22 février 2007

Daredevil : Decalogue

C'est toujours avec une grande impatience et une joie presque infantile que j'attends un Bendis. Il fait partie de ces rares auteurs qui ne vous déçoivent que rarement et qui vous font pénétrer dans leur univers avec une apparente facilité qui n'arrive pas à cacher entièrement leur talent (et leur travail surtout, "talent" étant le mot poli pour dire "j'ai bossé 10 heures par jour pendant 10 ans avant de pouvoir pondre une histoire correcte").
Cette fois, nous retrouvons donc Brian Michael Bendis pour son avant-dernier arc sur la série Daredevil. Il est toujours accompagné de Alex Maleev, dont les dessins, au graphisme si particulier, accentuent encore la touche "polar" de l'histoire. Les 5 épisodes de "Decalogue" sont regroupés dans le tome 12 (disponible dès aujourd'hui) des 100% Marvel consacrés à l'homme-sans-peur.
Vous vous souvenez sans doute que tout n'a pas été facile ces derniers temps pour Matt Murdock (un petit retour en arrière ? click). Identité secrète révélée publiquement, échec de son mariage, grosse déprime, l'avocat a traversé une période mouvementée pour le moins. "Le Décalogue" revient en fait sur des évènements se déroulant après que Daredevil se soit proclamé nouveau "caïd" de Hell's Kitchen (besoin d'une carte pour situer l'endroit ? reclick). Quelques habitants du quartier se réunissent dans une église pour former un groupe de discussion sur Daredevil et son influence dans leur vie quotidienne. Il n'y a pas foule mais l'on se rend vite compte que les personnes présentes ont eu leur lot de souffrances, souvent liées au diable rouge. Elles viennent là pour chercher des réponses bien sûr, pour savoir si ce type à l'allure satanique est une menace ou un fol espoir, mais elles viennent aussi pour se confier, pour vider le trop-plein de leurs âmes rongées par la vie. Meurtre, agression, prison, les secrets valsent et amènent avec eux des relents de souffre. Les discussions entamées dans la petite église convergent toutes inexorablement vers le même point commun : Daredevil. Toujours lui. Toujours son ombre qui plane, son nom qui revient comme un lancinant et fatal leitmotiv.

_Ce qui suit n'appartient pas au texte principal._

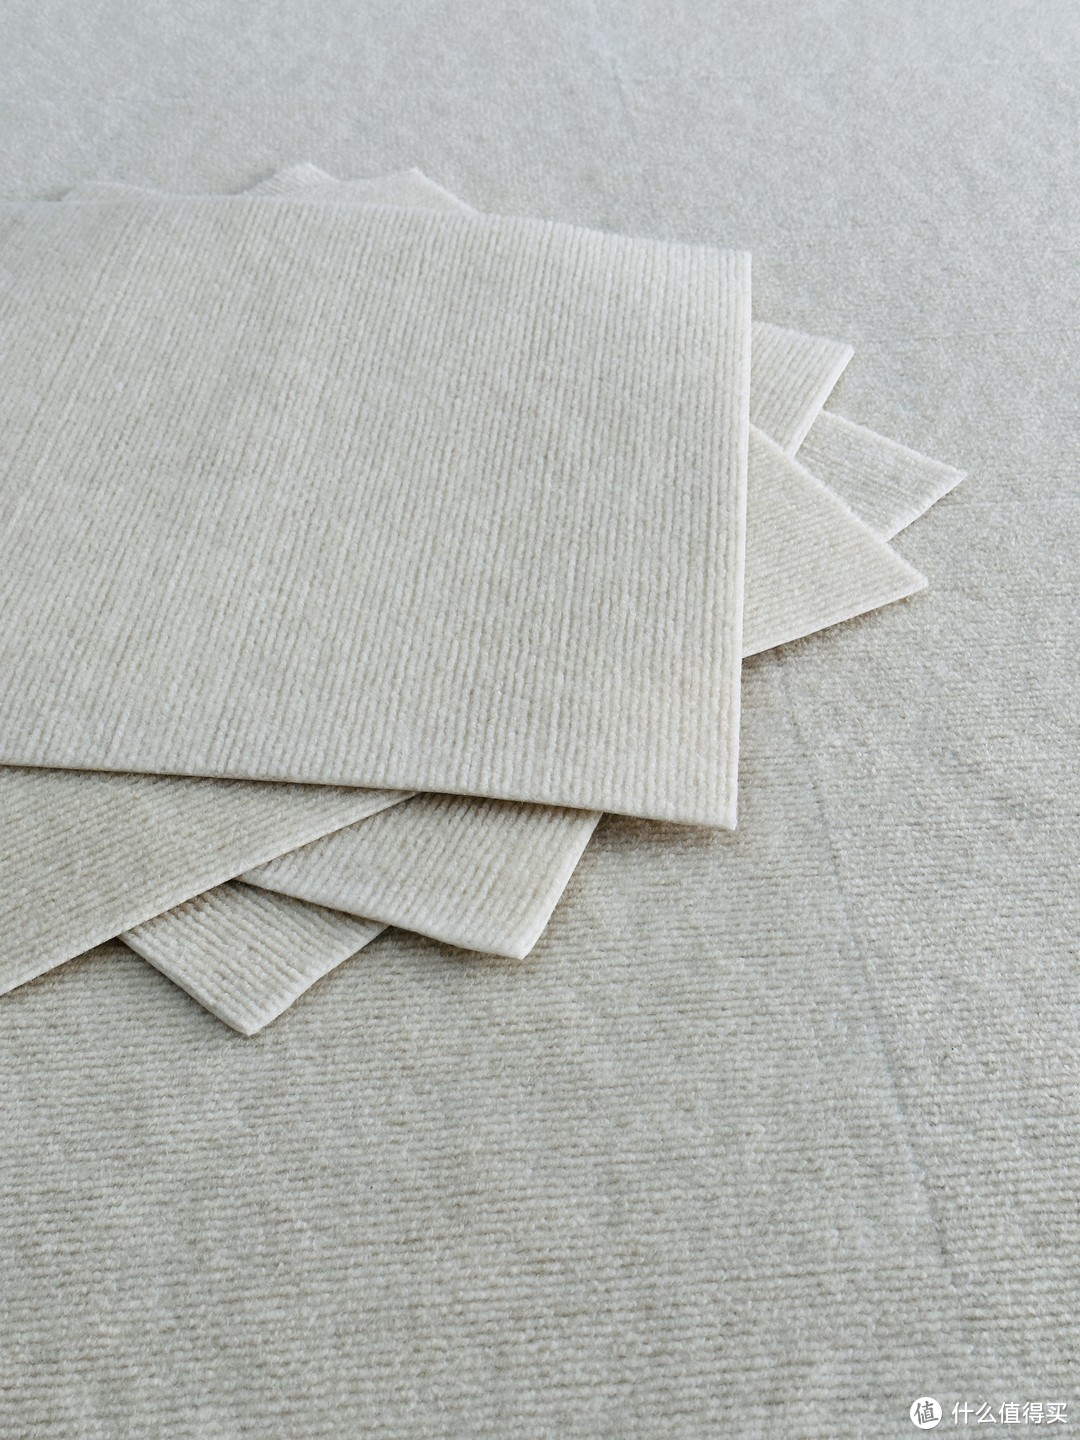 拼接地毯yyds✔️是谁发明的拼接地毯

Je vais radoter (j'entends déjà les mauvaises langues dire que l'âge n'y est pas pour rien) : encore une fois j'ai trouvé Bendis fort bon. Pourtant, je guette hein, je suis à l'affût, mais non, pas la moindre trace d'ennui lorsque je plonge dans ses récits actuels (je suis plus réservé sur certains de ses polars indépendants mais bon, c'est une autre histoire). Les dialogues sont excellents, le déroulement de l'intrigue parfait et en plus j'adore sa coupe de cheveux (j'ai la même [oooh, révélations !!!]) lol. Maleev, ben pareil, son style est très typé (un peu comme du Gaydos pour vous donner une vague idée) mais magnifique. Bref, une réussite et ça ne coûte que 11 euros. Un peu moins même sur Amazon avec en plus le port gratuit. Ah, vous voyez que vous n'avez plus aucune bonne raison de vous en passer ! ;o)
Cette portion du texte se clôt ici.